I know we can solve this in ordinary tasks just using prompt but that's really annoying. Sometimes I just want a yes or no answer and then I get a phd thesis in the matter.
However, LMarena,despite its flaws(recaptcha in 2026?) is the only "testing ground" where you can examine the entire breadth of internet users. Everything else is incredibly selective, hamstrung bureaucratic benchmark on pre-approved QA sessions. It doesn't handle edge cases or out-of-distribution content. LMarena is the "out-of-distribution" questions that trigger the corner cases and expose weak parts in processing(like tokenization/parsing bugs) or inference inefficiency(infinite loops, stalling and various suboptimal paths), its "idiot-proofing" any future interactions beyond sterile test-sets.
Shouldn't the model effectively 1. learn to complete the incorrect thing and 2. learn the context that it's correct and incorrect? In this case the context being lazy LMArena users. And presumably, in the future, poorly filtered training data.
We seem to be able to read incorrect things and not be corrupted (well, theoretically). It's not ideal, but it seems an important component to intellectual resilience.

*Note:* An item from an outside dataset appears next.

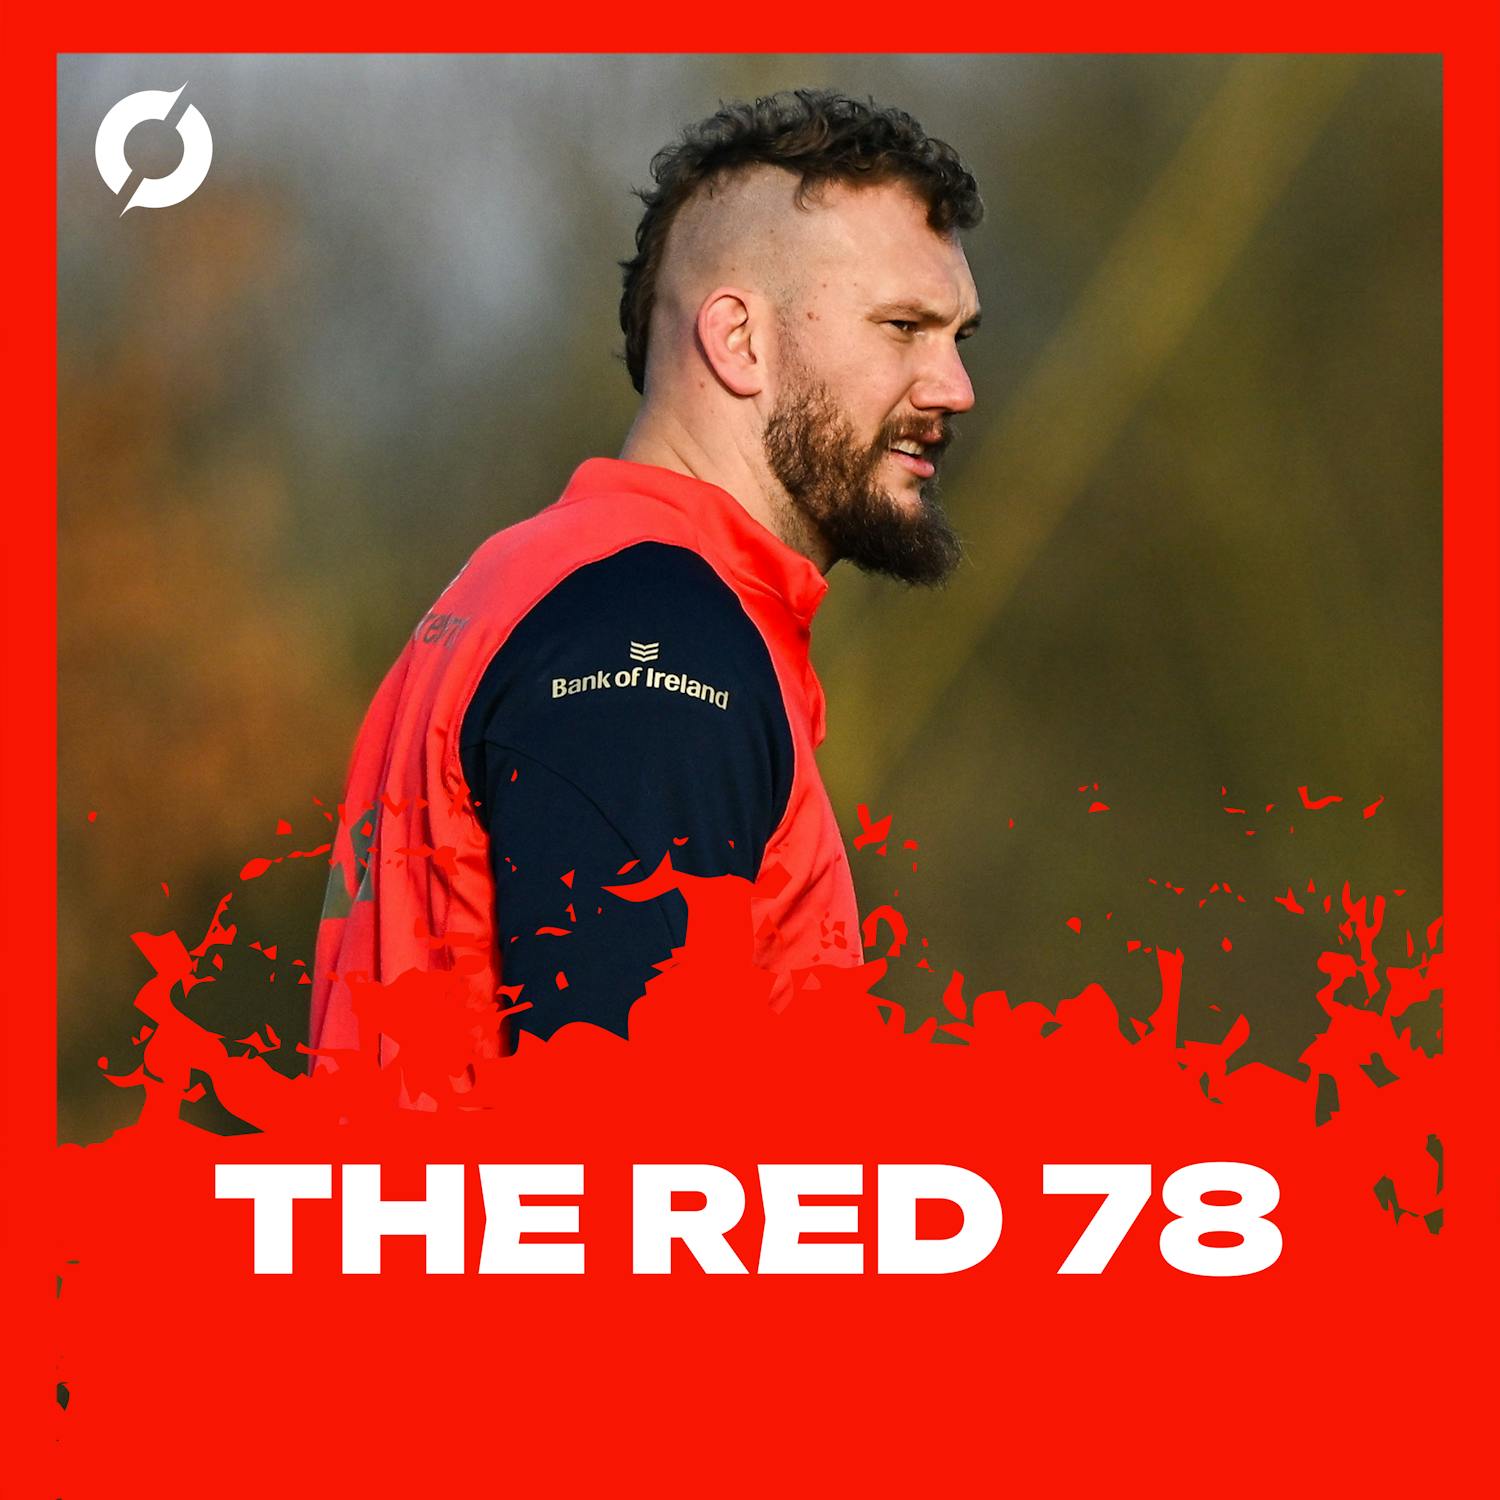 The Red 78 Unlocked: Reds see off Zebre in Cork, Haley impresses and big games ahead Ep.89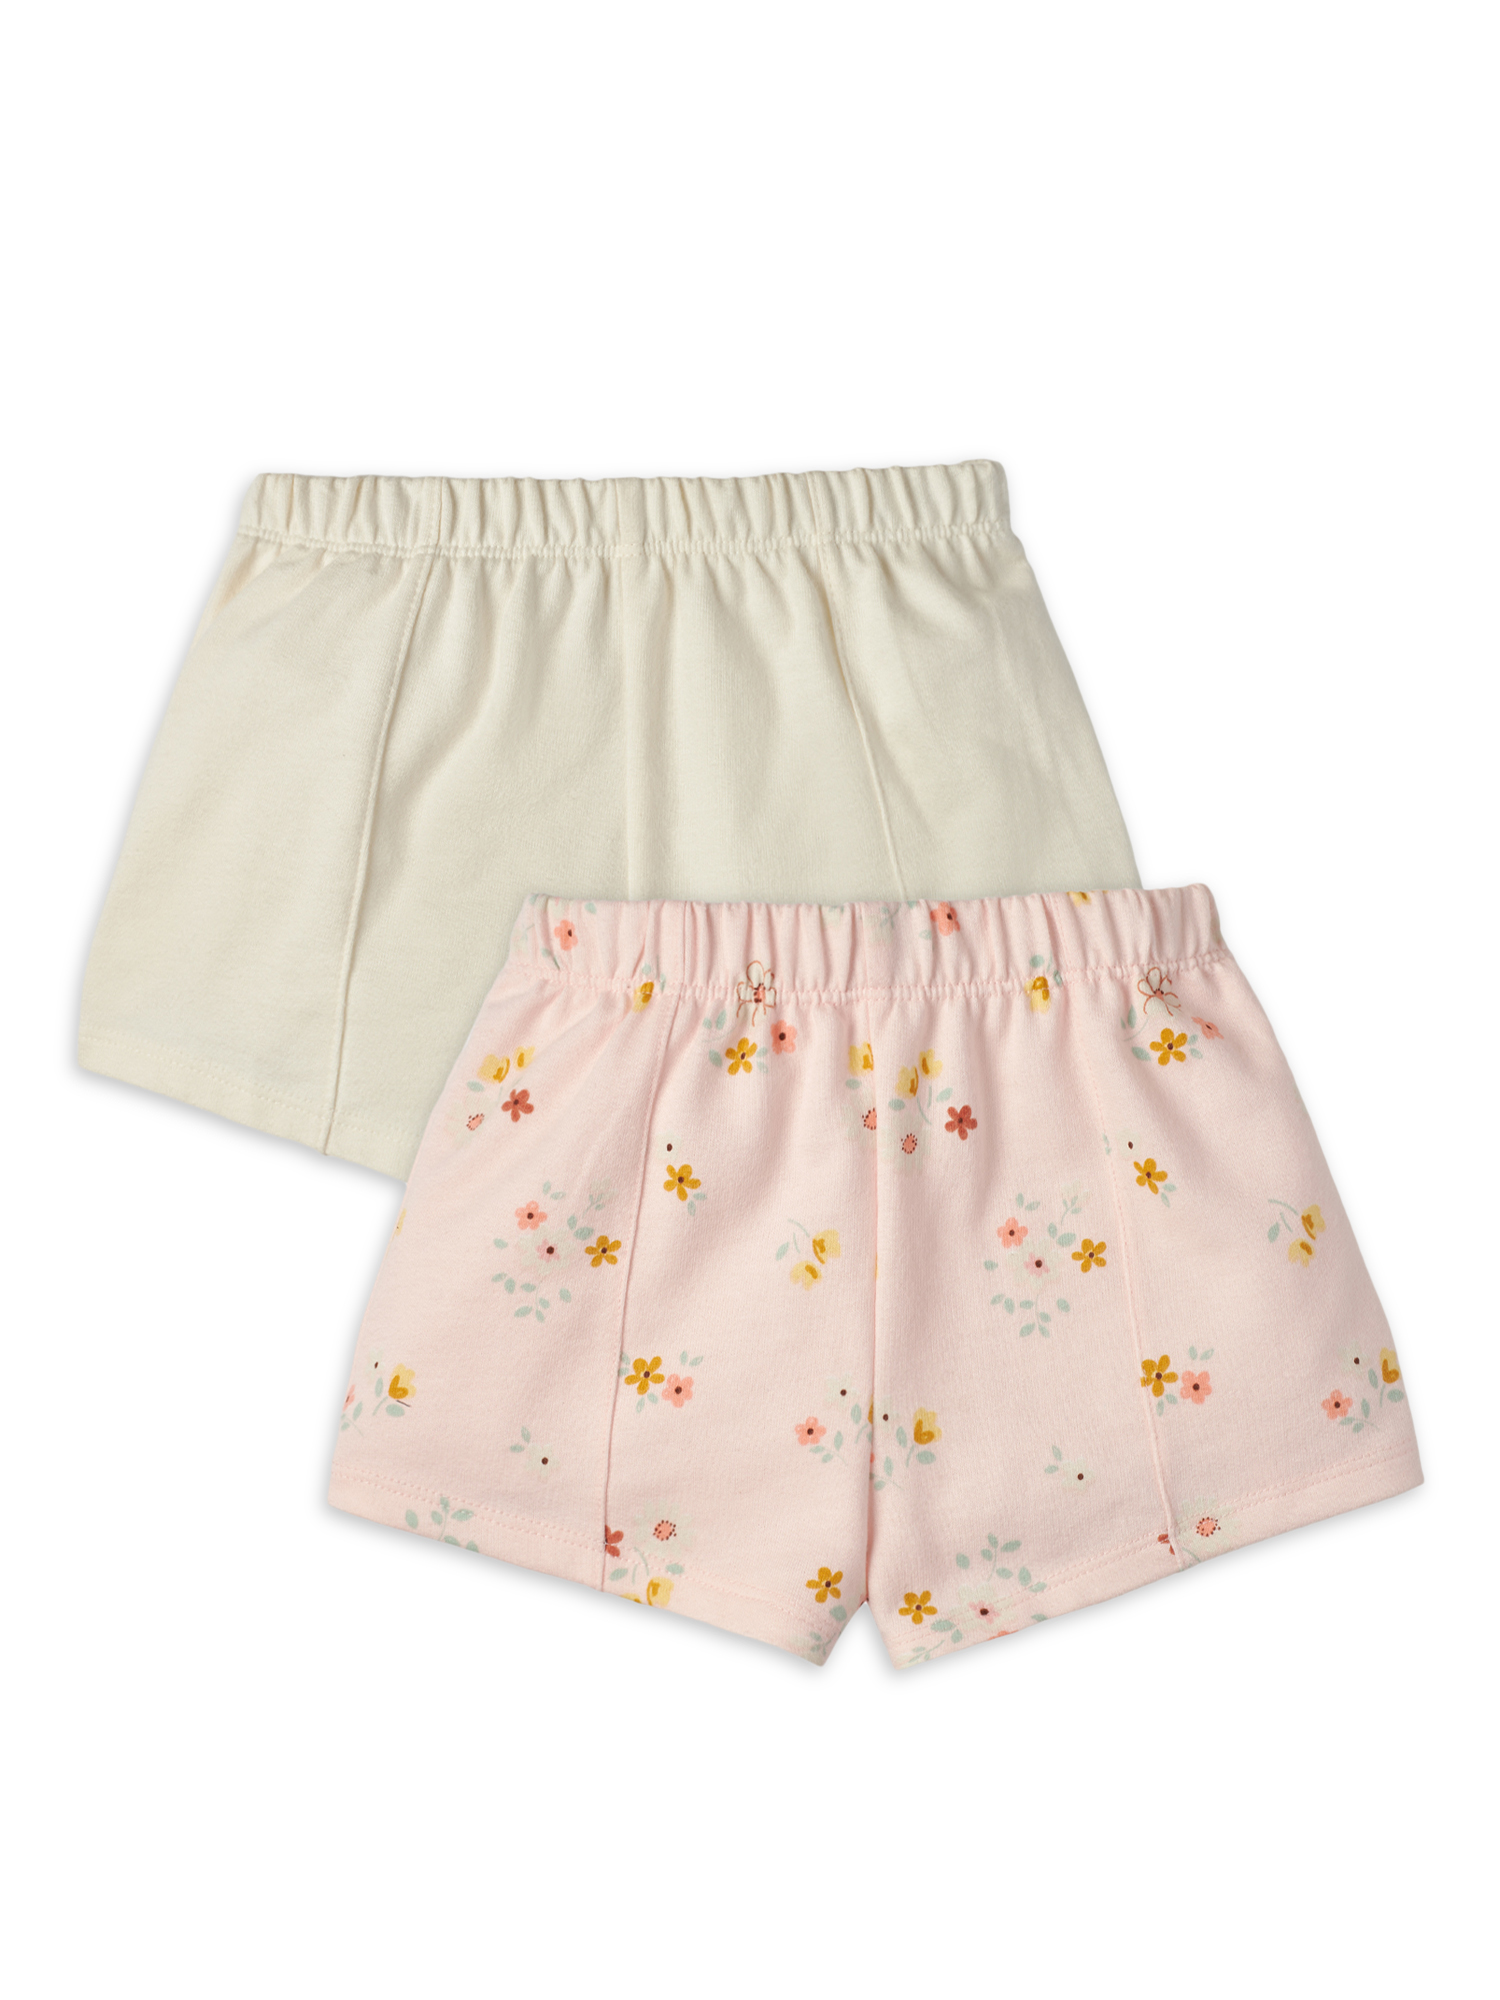 Modern Moments by Gerber Toddler Girl Peached French Terry Shorts, 2-Pack, Sizes 12M-5T - image 1 of 11

It seems like the model knowing the data is LMArena, or some type of un-trusted, would be sufficient to shift the prior to a reasonable place.
It'd be nice if it were actually open and we could inspect all the statistics.
This is hard to swallow.
I don't believe a single word this article says. Apparently the "real author" (the human being who wrote the original prompt to generate this article) only intend to use this article to generate clicks and engagement but don't care at all about what's in there.
The idea is simple*: Instead of users rating content, AI does it based on fact check.
None. Zero products or roadmaps on that.
Worse than that, people don't want this. It might tell them that they are wrong, with no chance to get your buddies to upvote you or game the system socially. It would probably flop.
Both AI companies and users want control, they want to game stuff. LMArena is ideal for that.
---
* I know it's a simple idea, but hard to achieve, and I'm not underestimating the difficulty. Doesn't matter thuogh: no one is even signaling the intention of solving it. Harder problems have been signaled (protein research, math).
> They're not reading carefully. They're not fact-checking, or even trying.
Uhhh, how was that established?
A voting system open to the public is completely screwed even if somehow its incentives are optimized toward strongly encouraging ideal behavior.